O que vivemos além dos ocultos jogos de poder que certamente não serão ventilados na imprensa mundial e o que está em jogo é mais do que interesses de poder econômico e subjugação de um pensamento progressista a um reacionário. É a ressignificação do indivíduo, a transmutação de suas principais referências naturais e sociais claramente instintivas a um mecanismo (des)intelectual. É a busca pela construção de comunidades previsíveis, subjugadas e pacíficas como parte da engrenagem de dominação e controle. Trata-se da instrumentalização das ferramentas tecnológicas que ressignificaram a forma que vivemos e nos relacionamos. Um emprego violento e militarizado dessas estruturas tecnológicas buscando condicionar pensamentos coletivos.

A mekHanTropia que me ameaça é aquela que atinge a todos. A que por uso de ferramentas massivas de comunicação/socialização/existência virtual ressignificou no pensamento social conceitos antes vistos como primários, individuais e sociais. Com o objetivo principal de dominação, controle e subjugação. Essa relação entre a geopolítica e a MekHanTropia, apresentada aqui de forma superficial, é concreta e absolutamente indissociável. A transformação de valores mercantis sob a ótica do moribundo ultra neoliberalismo em um novo padrão de pensamento no imaginário coletivo popular faz com que olhares maniqueístas de complexidade medieval sejam a pauta dos debates e discussões em redes sociais por indivíduos que não tiveram acesso aos mais elementares aspectos conceituais de temas como livre mercado, liberdades individuais ou até mesmo o comunismo histórico.

Iludido pela certeza inserida artificialmente em suas convicções, o mekHanTropo se integra enquanto engrenagem na máquina de controle do Estado sobre os indivíduos. Cego pela vaidade da aprovação de seus pares, consolida a destruição não apenas de sua própria existência (física, psicológica e social) mas também do meio ambiente.

Retomando a perspectiva da obra, o MekHanTropo pode ser descrito como um sujeito social que aniquila a ideia de sua própria essência. Tanto em sua capacidade de se conectar com outro quanto em sua capacidade de se perceber parte da natureza. Não habita nele a natureza, habita nele a programação recorrente e continuada que recebe e sequer imagina. Legitima o discurso imposto e distorce sua própria compreensão de si e de seus instintos naturais comuns a outras espécies como a autopreservação.

Aprisionado na fantasia de viver em um futuro utópico de harmonia mediada pela tecnologia (uma fanfic personalista sobre o capitalista que acredita ser), o MekHanTropo se fortalece pela estupidez alheia, todos dependurados uns aos outros e a um pensamento de capitalismo de salvação e suas falsas benesses. Não há distopia que não se erga sobre a ilusão de uma utopia.

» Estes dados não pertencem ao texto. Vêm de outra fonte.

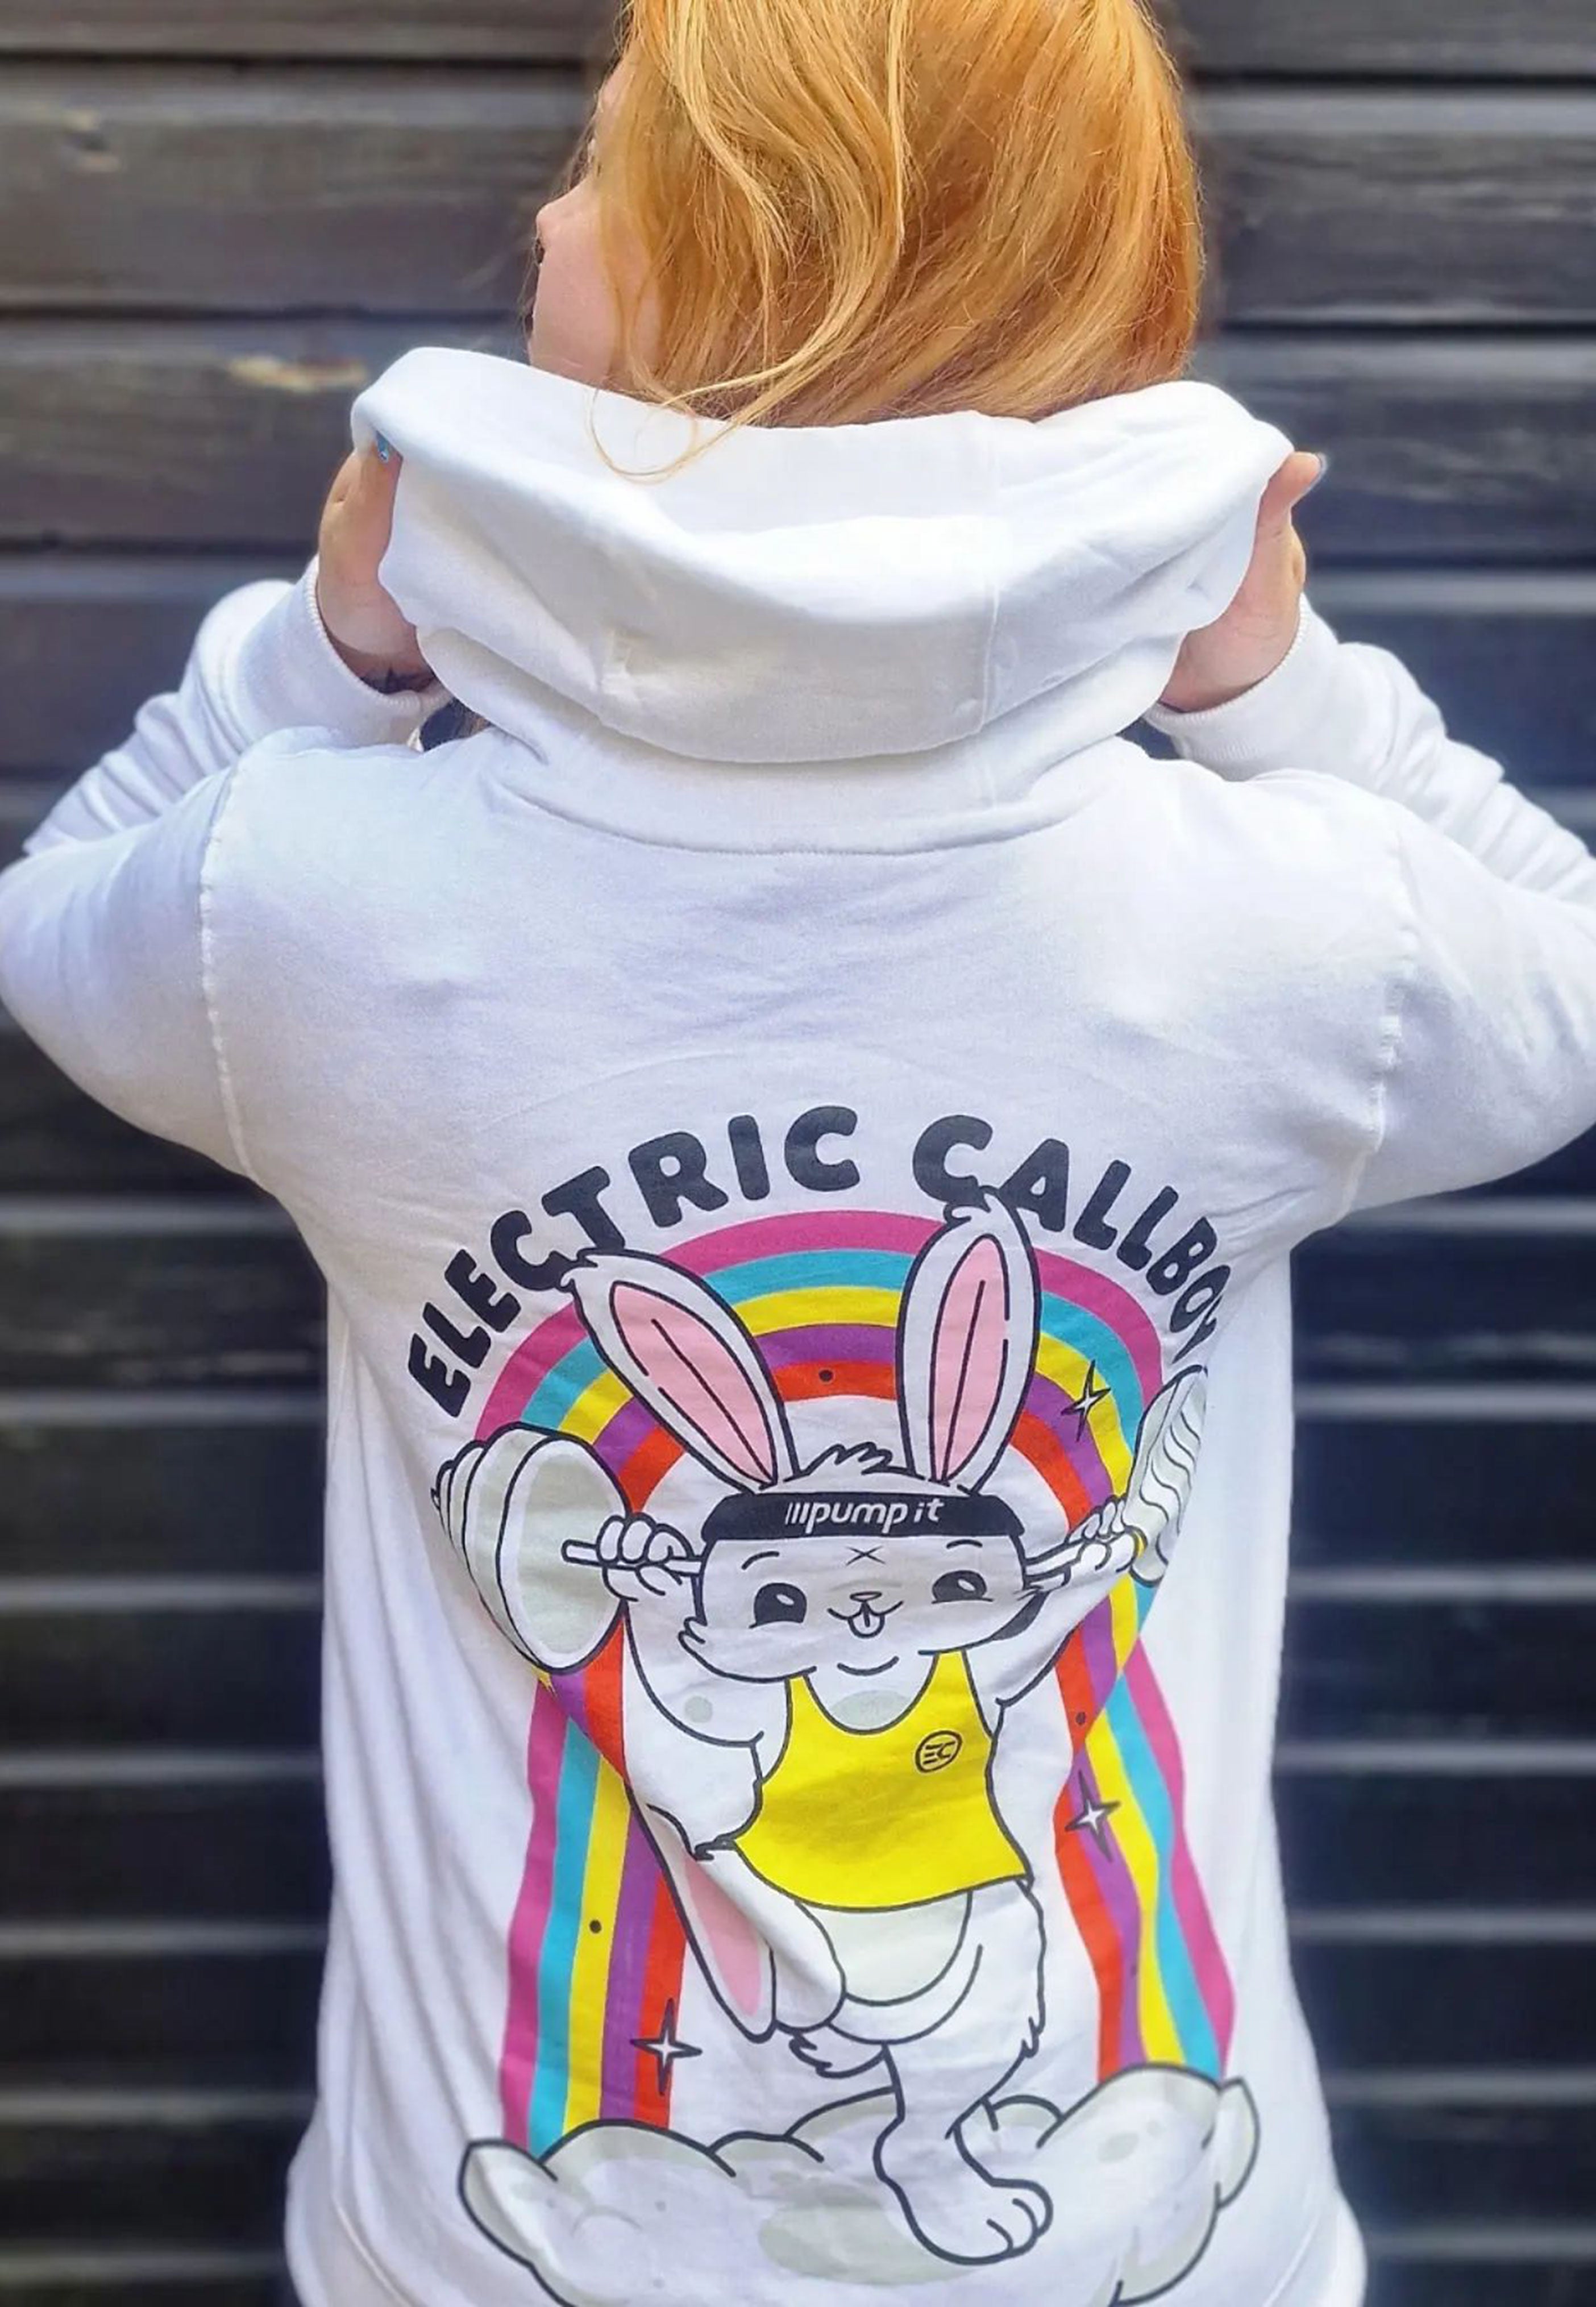 Electric Callboy - Pump It Bunny - Hoodie | Women-Image

Por isso, ao analisar as atuais políticas de estrutura neofascista e fundamentalista que por meio do voto chegaram ao poder em diversos países, alguns pontos narrativos e de discurso comuns entre si ficam evidentes. Sobretudo quando justificam a barbárie com temas como liberdades individuais. A Legitimação de personalidades que há uma década eram desprezadas pela própria insignificância diz muito e muito claramente sobre o sucesso da empreitada de desumanização do indivíduo comum, reflexivo, conectado com a natureza e consigo.

Vivemos sim dias de trevas, caro Fredé, e não há horizonte de transformação. A Obra MekHanTropia me impactou tão positivamente quando entendi sua proposta mais ampla: a provocação. Ao autoconhecimento, ao exercício cotidiano de reflexão sobre pensamentos e ações. Sobre o que somos, o que consumimos, como nos relacionamos. E, mais importante, como conseguiremos nos ressignificar, voluntaria e conscientemente, depois de termos sido todos ressignificados artificialmente pela máquina tecnológica de consumo e de comportamentos, de fora pra dentro.

A Resistência começa de dentro pra fora.